Steeno Htee, 16, and Emily Giardina cut thread for a project.
Steeno Htee, 16, and Emily Giardina cut thread for a project.

“Honestly, I think [working in New York] prepared me [for teaching] because New York and fashion both force you to think really quickly, always be on your toes and improvise,” Emily says. “What I’ve learned with teaching is that you really need those improvisational skills because things don’t always go the way you planned. In that sense, living in New York forced me to plan my day with more thought and structure, and I bring that into the classroom,” Emily adds.

In her four sections of Fashion I, Emily teaches students of all grades a basic overview of fashion design including vocabulary and the different moving parts of the design process. “Right now, I’m having them primarily work in their sketchbooks and create moodboards,” Emily says. “Then we’ll move into sketching and sewing.” It’s the luck of the draw for students who want to join her one second-level course, where Emily says they can easily jump into the design process with a more sophisticated idea of fashion and do project-based work.

“With Ms. G, we always have a project going [on] that you’re always super excited about because she tweaks the prompts based on your interests,” Carrboro High School junior Lois Stevens says. “I have been sewing since I was 10 and am trying to go to college for fashion design. Having a teacher like Ms. G has made me even more excited to pursue my dreams, and Ms. G has made me more confident that I can actually achieve them.”

Emily teaches several students from her Fashion I class how to start a fashion project.
Emily teaches several students from her Fashion I class how to start a fashion project.

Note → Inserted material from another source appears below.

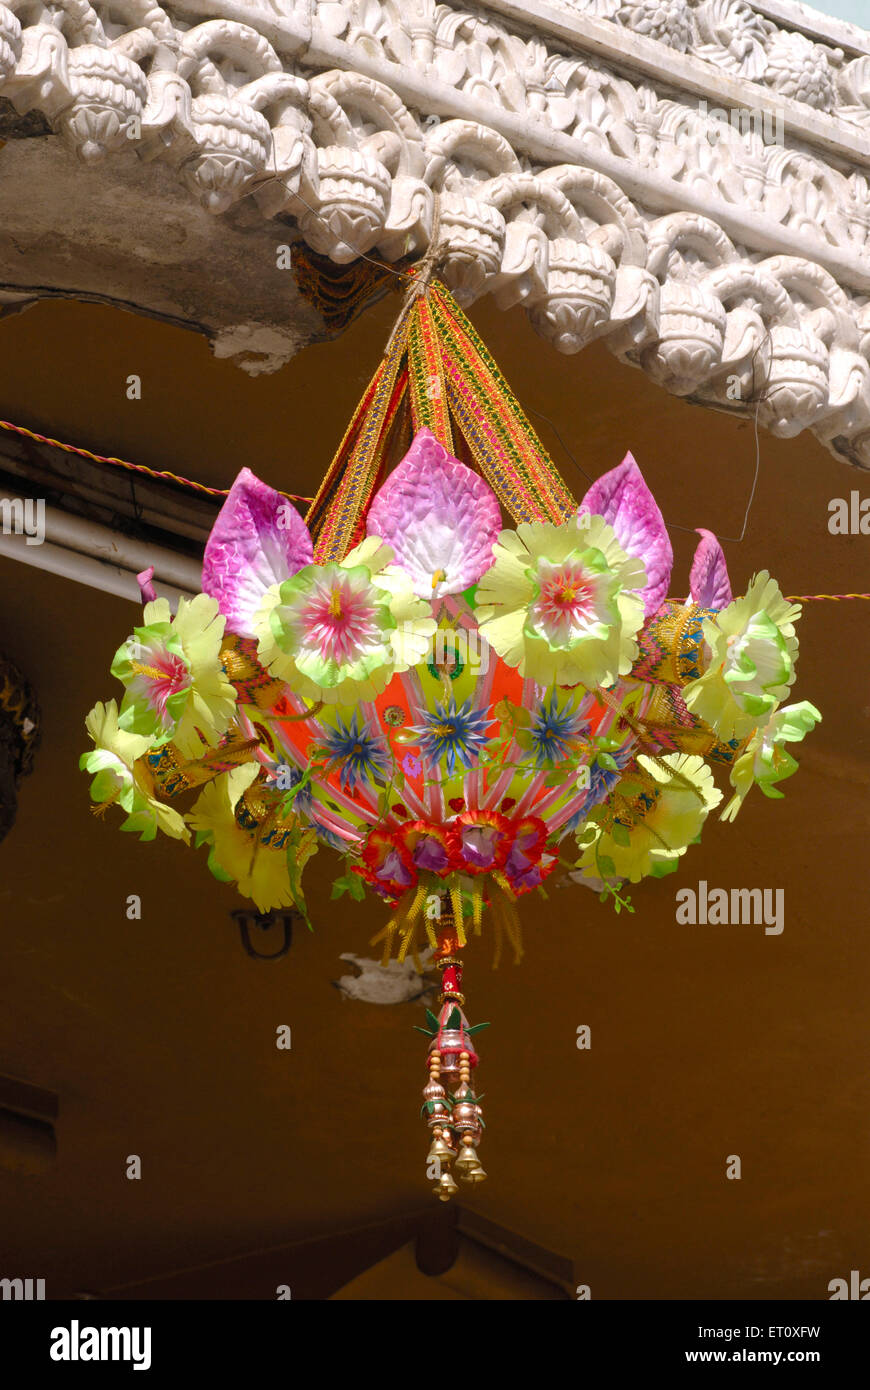 Chandelier de fleurs artificielles accroché à l'entrée du temple Shreemant Dagdu Sheth Halwai Ganpati, Pune, Maharashtra, Inde Banque D'Images

Emily also serves as an advisor for a social-emotional learning class Real Talk and mentors third-year advanced studies fashion design students. And she is working toward her master’s degree in teaching at Meredith College in Raleigh. Balancing lesson planning and graduate school can be exhausting at times, but she says her experience as a designer has prepared her for a fast-paced lifestyle.

“I’m usually the first person in the [school] parking lot,” Emily says. “I just have to get here really early to prep all the materials, especially when we’re sewing and doing anything more hands-on.” The dedication earned her Chapel Hill-Carrboro City Schools’ Promising New Teacher Award in 2022. Emily says she’s thankful former Carrboro High School assistant principal Lucas Paulsen took a chance on her without having a teaching-specific background upon hire.

“I want all of my students to feel seen in my class,” she says. “I think high school students especially can hide and be really quiet and go unnoticed, so I think my class gives them an opportunity to express themselves creatively and become more confident.”